Attenuation of a wave. At the interface of two media, ultrasound waves have four potential interactions, all resulting in attenuation (reduced beam intensity).
The contrast in acoustic properties between two adjacent structures determines how much ultrasound will be reflected and how much will cross the boundary. Specifically, the variable of interest is the acoustic impedance, defined by the medium’s stiffness and density. When there is a large difference in acoustic impedance, few waves cross the boundary, most will be reflected, and a strong echo will be generated. Structures with a density that is substantially different from tissue are labeled “strong reflectors.” Bone has the highest acoustic impedance in the body; therefore, ultrasound traveling through tissue and encountering bone will be reflected, creating a hyperechoic (bright white) surface. Minimal ultrasound transmits through the bone, which is attenuated through absorption, and an anechoic (black) posterior shadow is displayed (Figure 3). A second example is the interface between soft tissue and air. Given the low density of air, the difference in acoustic impedance from tissue is similarly large. As a result, the beam reflects—appearing as a bright white line—at the soft tissue–aerated lung interface. The small air particles within the lung scatter the beam, resulting in a hypoechoic (gray) image distal to the pleura. Both of these interactions (tissue–bone, tissue–air) yield the inability to image deep structures. Both phenomena are artifacts called “acoustic shadowing.”
Figure 3.
Acoustic impedance and acoustic shadowing. Image of the chest wall. Ribs (R) are present on the right and left sides of the image, recognizable by the reflection off the surface of the bone (hyperechoic line) and a posterior anechoic shadow. At the interface between the chest wall (soft tissue) and lung, the pleural surface is evident as a hyperechoic line (*). The aerated lung has a hypoechoic (“dirty”) image, a second version of acoustic shadow.
Dense and homogenous structures have little attenuation; waves pass through them and do not lose amplitude. For example, fluid-containing structures—such as vessels, distended bladder, and cysts—have minimal wave attenuation due to the fluid’s homogeneity and appear hypoechoic (dark gray) to anechoic (black) (Figure 4). In contrast, muscle and visceral organs have higher attenuation coefficients as a result of their heterogeneity and appear hyperechoic (light gray to white). The properties of the various media in human tissue and their respective ultrasound appearances are summarized in Table 1.
Figure 4.
Attenuation. In this image of the neck, the sternocleidomastoid (SCM) has some attenuation, as does the thyroid (T), resulting in hyperechoic structures, whereas the fluid-filled carotid artery (C) and internal jugular (IJ) vein have little attenuation and appear anechoic.
Table 1.
Acoustic impedance and attenuation coefficients for various media and their resultant ultrasound appearance
| Medium | Acoustic Impedance (106kg/[s×m2]) | Attenuation Coefficient (dB/m at 1 MHz) | Ultrasound Appearance |
|---|---|---|---|
| Air | 0.0004 | 4,500 | Hypoechoic (high scatter) |
| Fat | 1.3 | 60 | Hypoechoic |
| Fluid | 1.5 | 6 | Very hypoechoic |
| Blood | 1.7 | 9 | Very hypoechoic |
| Liver/kidney | 1.7 | 90 | Echogenic |
| Muscle | 1.7 | 350 | Echogenic |
| Bone | 7.8 | 870 | Hyperechoic surface with anechoic posterior shadow |
Equipment
Probes (transducers) contain multiple piezoelectric crystals and vary based on the crystal arrangement, the size and shape of the imaging surface (“footprint”), and their frequency range. The three basic types of probes used in critical care ultrasound are linear, curvilinear, and phased array (Figure 5) (7, 9). Selecting the proper probe is essential; however, many diagnostic examinations benefit from the application of more than one probe.
Figure 5.
Ultrasound probes. Examples of the three types of probes used in critical care ultrasonography, with a corresponding example of an image from each type of probe.
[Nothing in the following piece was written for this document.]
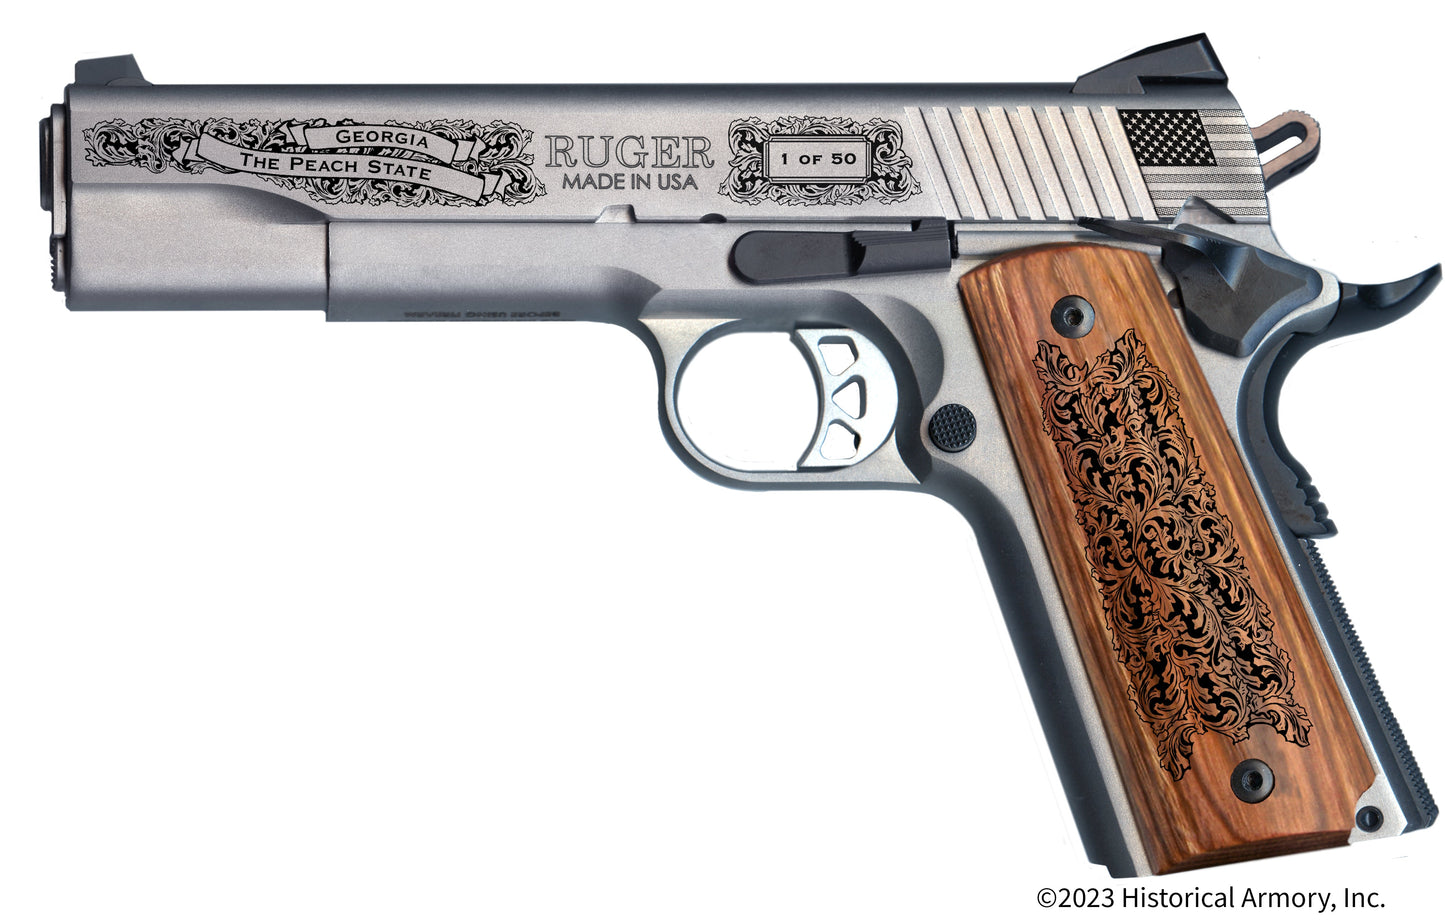 Pickens County Georgia Engraved .45 Auto Ruger 1911

High-frequency ultrasound is defined by the production of many waves per unit time, which engage the medium more intensely and return more waves to the probe. However, these waves lose energy more rapidly, preventing deep penetration. Therefore, high-frequency ultrasound provides high resolution of shallow structures. In contrast, lower-frequency ultrasound generates fewer waves, which travel further distances. Deeper structures can be imaged, but the fewer returning waves yield comparatively weaker resolution.
The linear array probe is designed for high-resolution imaging of superficial structures, operating at frequency ranges of 5 to 15 MHz. The linear alignment of crystals within a flat head produces sound waves in a straight line and a rectangular-shaped image on the screen. This probe is ideal for ultrasound-guided needle entry (particularly vascular access), evaluation of deep venous thrombosis, chest imaging for pleural lines (pneumothorax), and skin and soft tissue imaging for abscesses.
The curvilinear (convex) array probe is used for scanning deeper structures, using lower frequencies ranging between 1 and 8 MHz. The crystal alignment along a curved surface generates a beam that fans outward. The result is a field of view wider than the probe’s footprint, with a sector-shaped image on the screen. These probes are most often used in abdominal and pelvic diagnostic applications.
The phased array probe is a lower-frequency probe (ranging 1–10 MHz) that is novel in its sequential pulsing of the tightly grouped crystals. By precisely controlling delays between pulses, beams of various angles and focal distances can be produced for inspection of complex structures. The smaller footprint allows for image acquisition between the ribs, and the slightly convex surface produces a fanning beam with a sector-shaped image. This probe is used for echocardiography and thoracic imaging but can be applied to abdominal and pelvic imaging as well.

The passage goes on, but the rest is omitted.